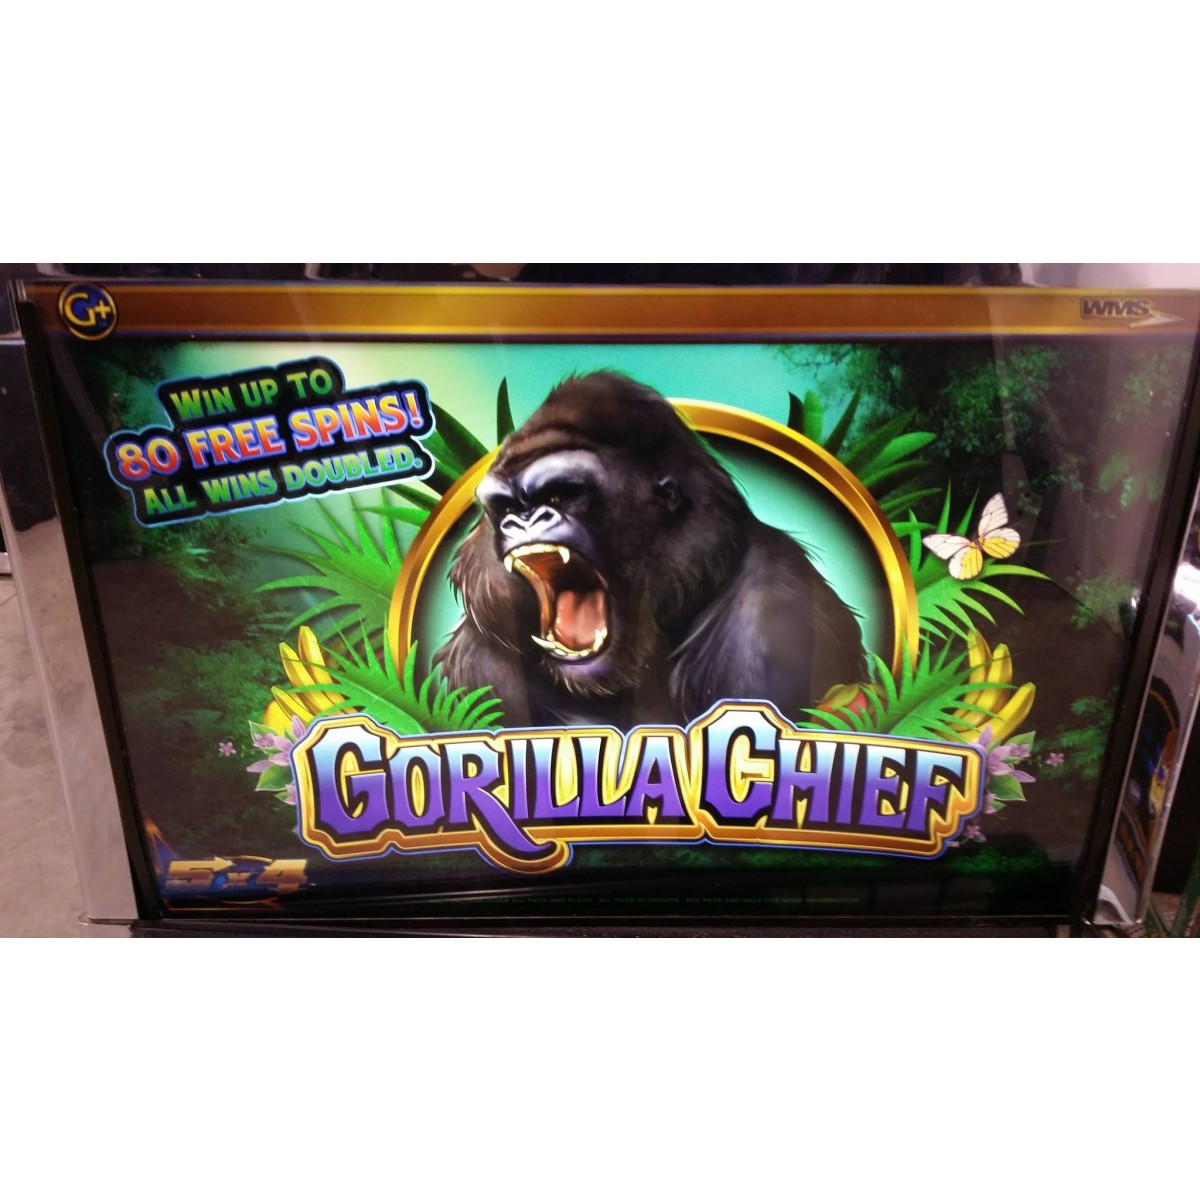 gorilla chief slot machine online free
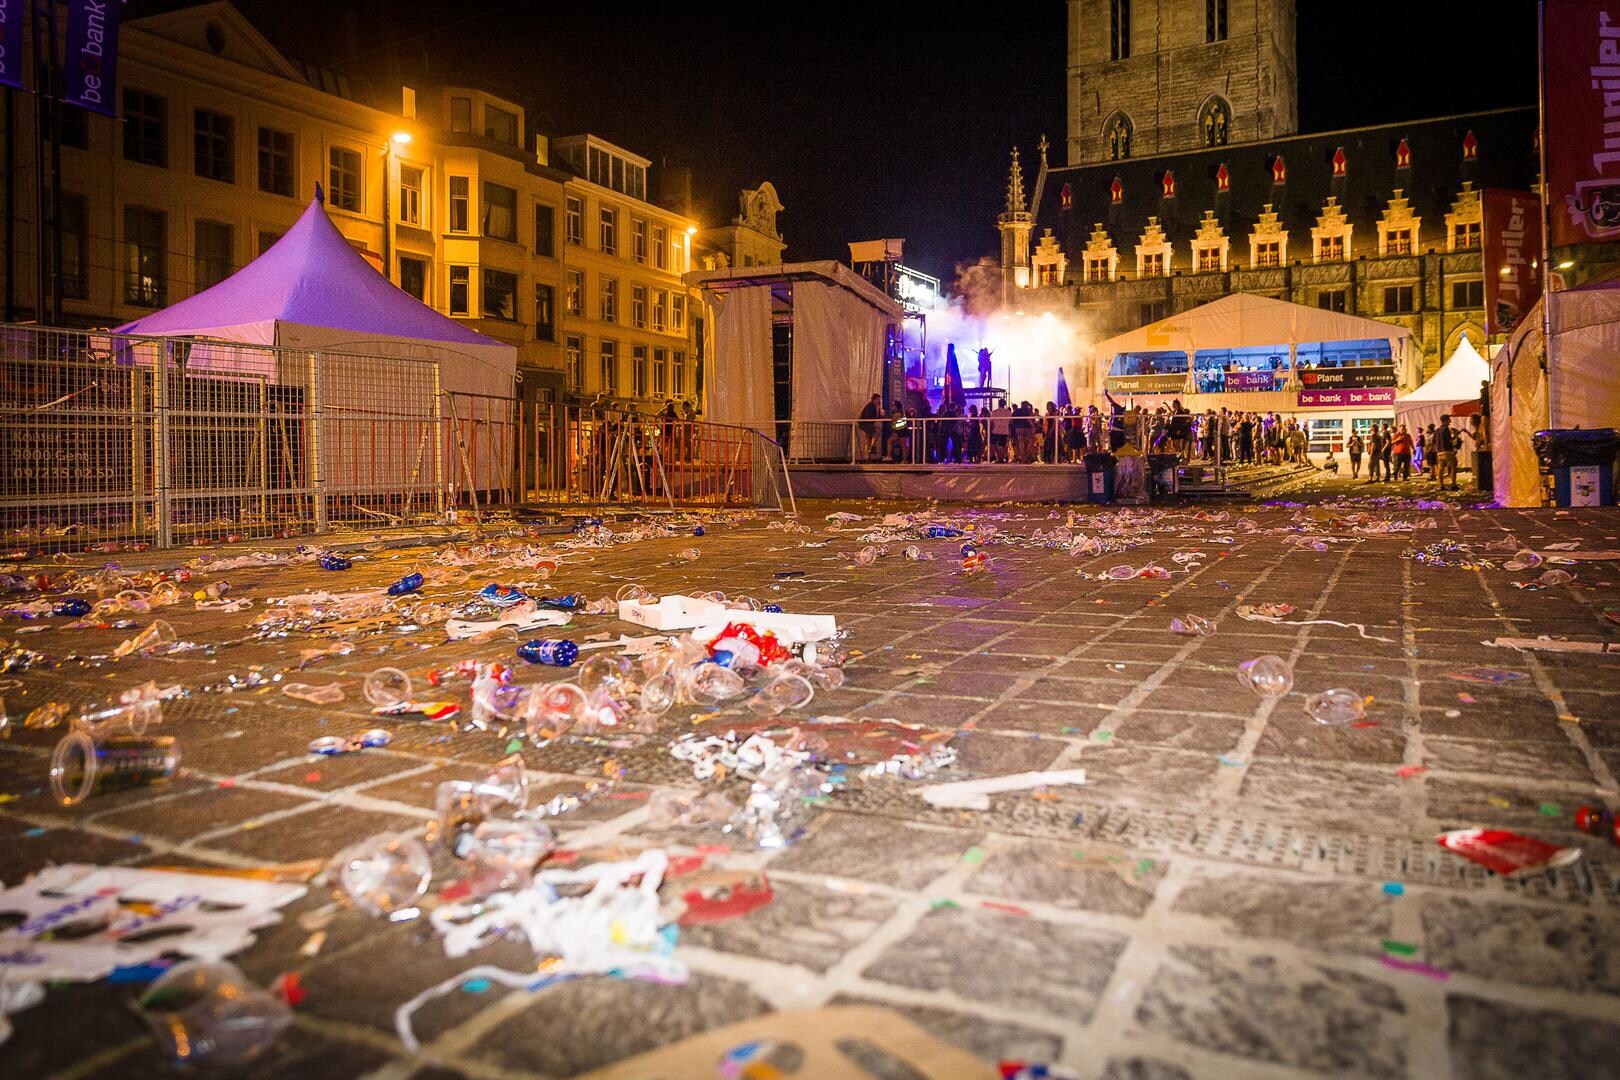 Drukke laatste avond van Gentse Feesten voor politie: "Na tien dagen zijn mensen blijkbaar wat prikkelbaarder"
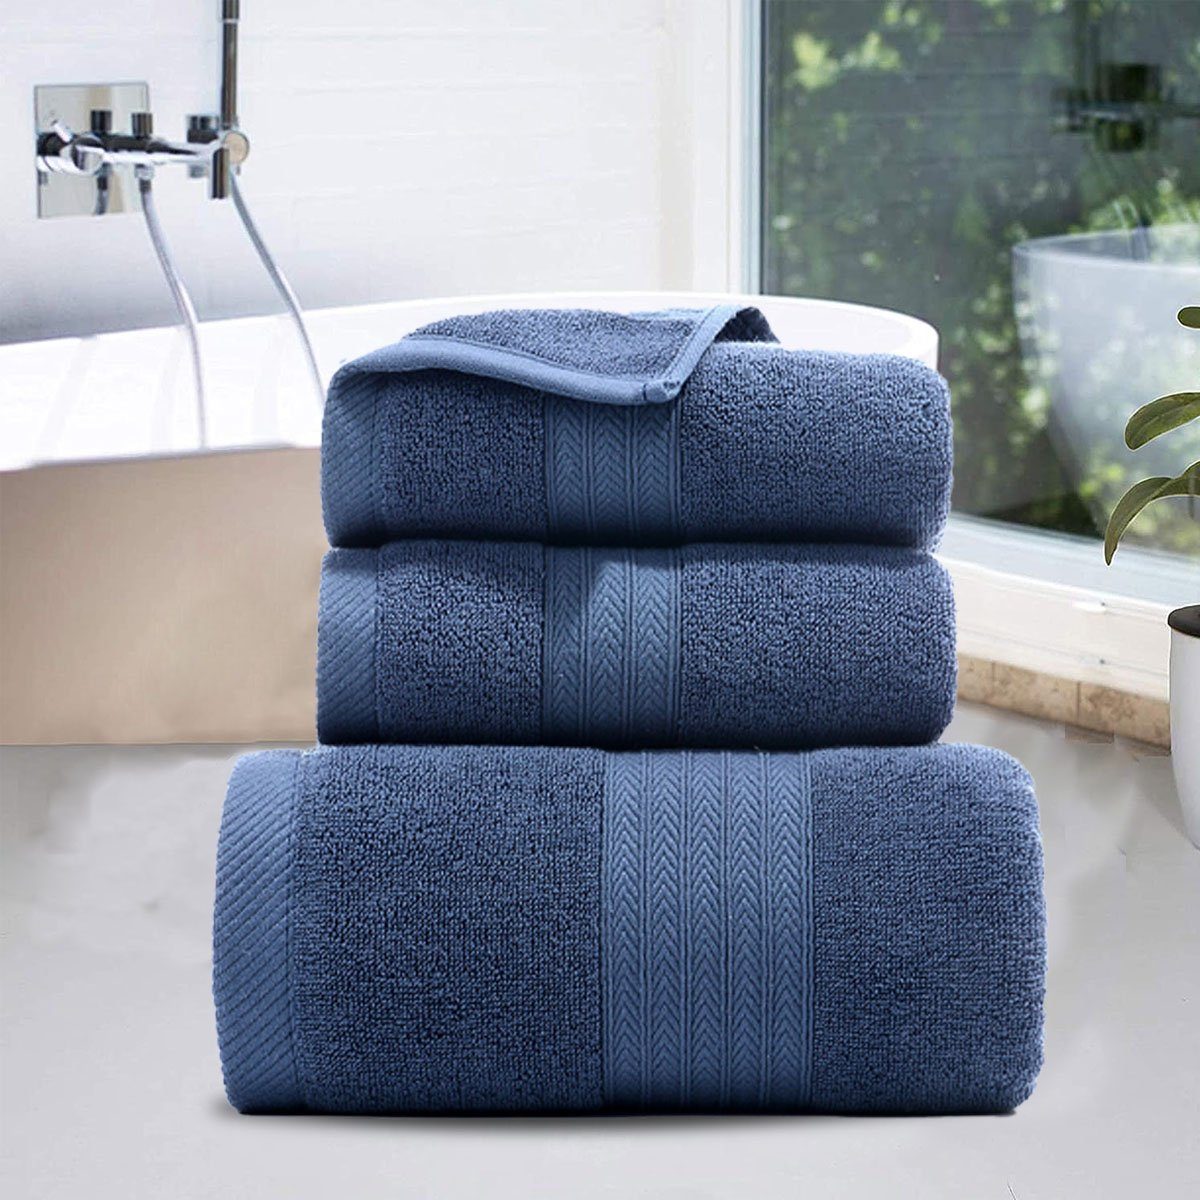 Jormftte Handtuch Set Handtücher Set-2xHandtuch,1xBadetuch,saugfähig und weich,für Blau Hause zu
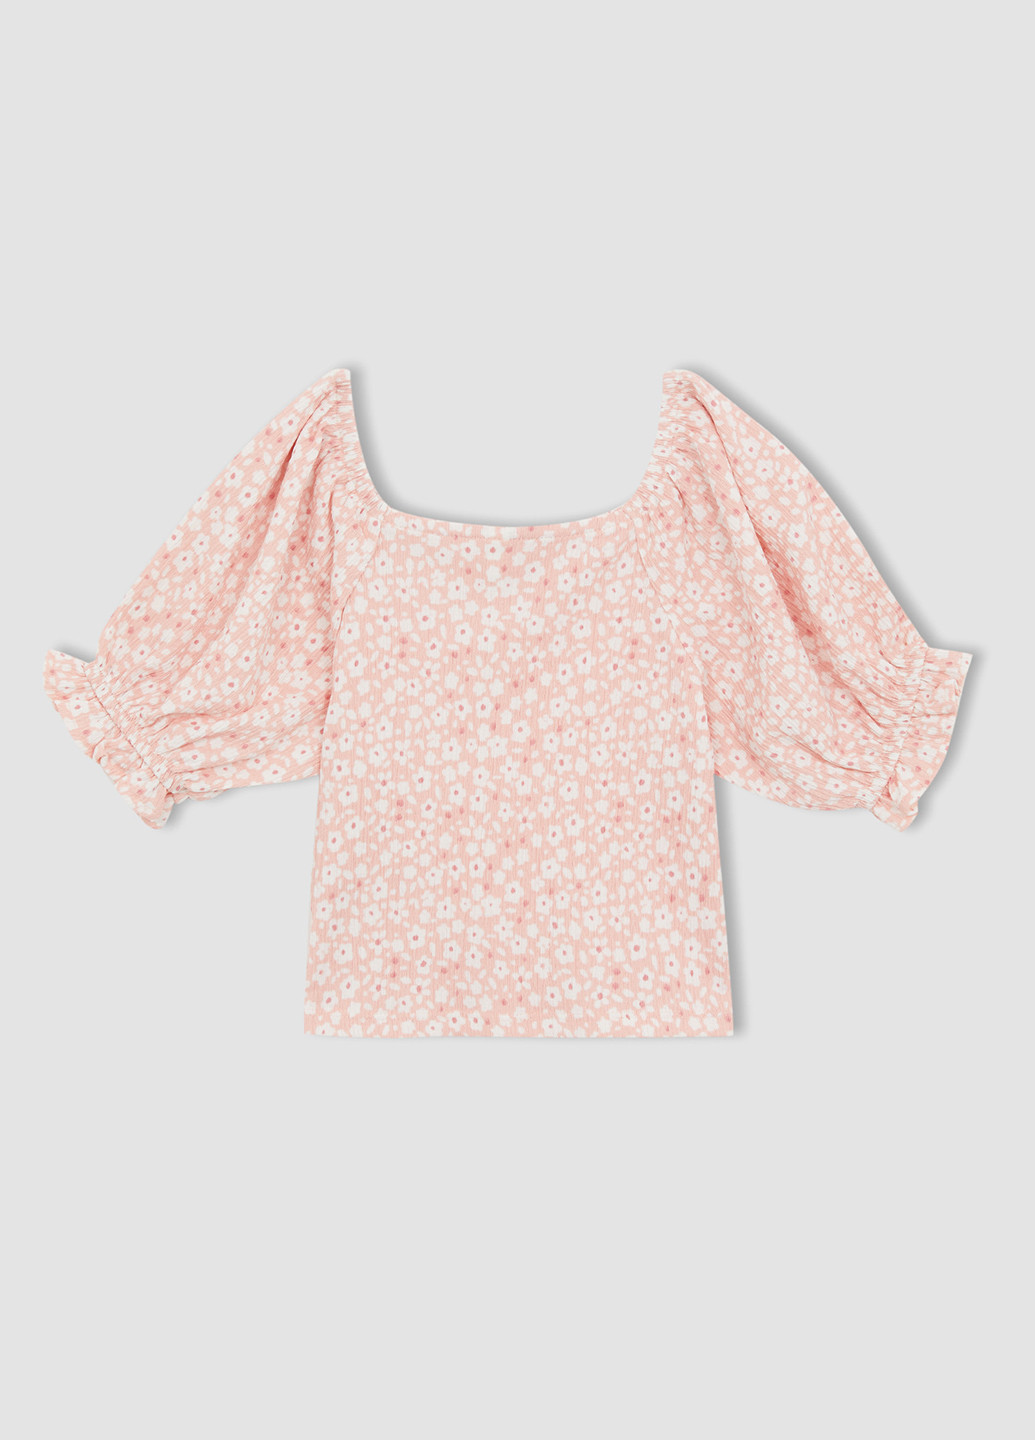 Светло-розовая цветочной расцветки блузка DeFacto летняя

→ **Problem statement**: Print all of the material exactly. Omit pictures.

→ **Problem solution**:
 gorilla chief slot machine online free
 Drukke laatste avond van Gentse Feesten voor politie: "Na tien dagen zijn mensen blijkbaar wat prikkelbaarder"
 Jormftte Handtuch Set Handtücher Set-2xHandtuch,1xBadetuch,saugfähig und weich,für Blau Hause zu
 Светло-розовая цветочной расцветки блузка DeFacto летняя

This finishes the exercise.